Birch Compass
January 2026 — Oklahoma Nature Journal
What to look for this month near you, with room to record what you find.
This month in nature
Birds to watch
- Mourning Dove Zenaida macroura
- Northern Cardinal Cardinalis cardinalis
- Northern Mockingbird Mimus polyglottos
- American Crow Corvus brachyrhynchos
- Northern Bobwhite Colinus virginianus
- Red-bellied Woodpecker Melanerpes carolinus
In bloom
- Native witch-hazel may open thin yellow petal-ribbons in sheltered eastern Oklahoma hollows, the lone winter bloomer.
In the garden
- A planning and pruning month; order seed early and prune dormant fruit trees and grapes on the rare calm, mild day.

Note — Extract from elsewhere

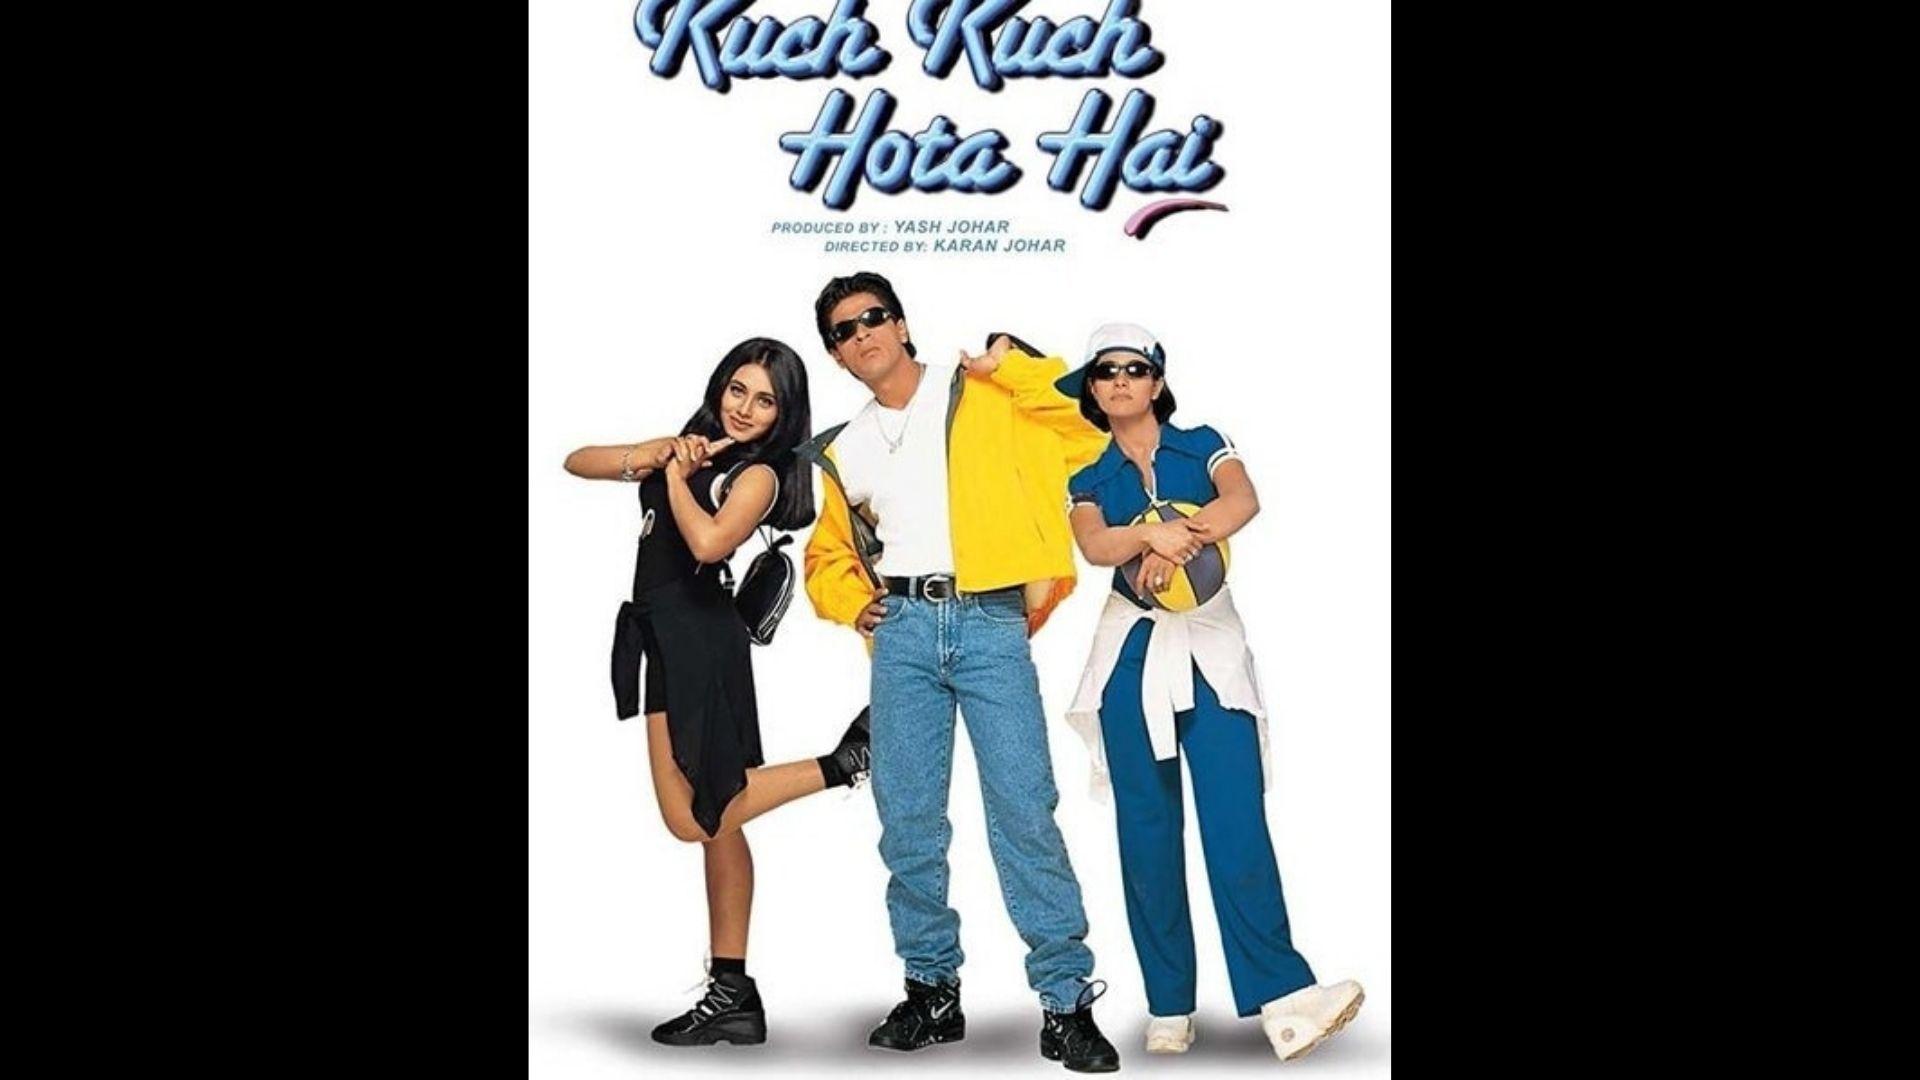 Kuch Kuch Hota Hai Clocks 23: Director Karan Johar Thanks Shah Rukh Khan, Rani Mukerji And Kajol After Achieving The Milestone

- Start onion and leek seeds indoors under lights now, the slowest transplants to get a head start on the Oklahoma spring.
- Plant bare-root fruit trees, blackberries, and roses while dormant, and tuck in onion sets late in the milder south.
Night sky
- The Quadrantid meteor shower peaks around January 3 in a short, sharp burst; look northeast after midnight from a dark western-Oklahoma sky.
- Orion stands high in the south after dark; trace his belt down to brilliant Sirius, the brightest star in the night sky.
- The Pleiades cluster and orange Aldebaran ride high overhead in the early evening above the dark Wichita Mountains.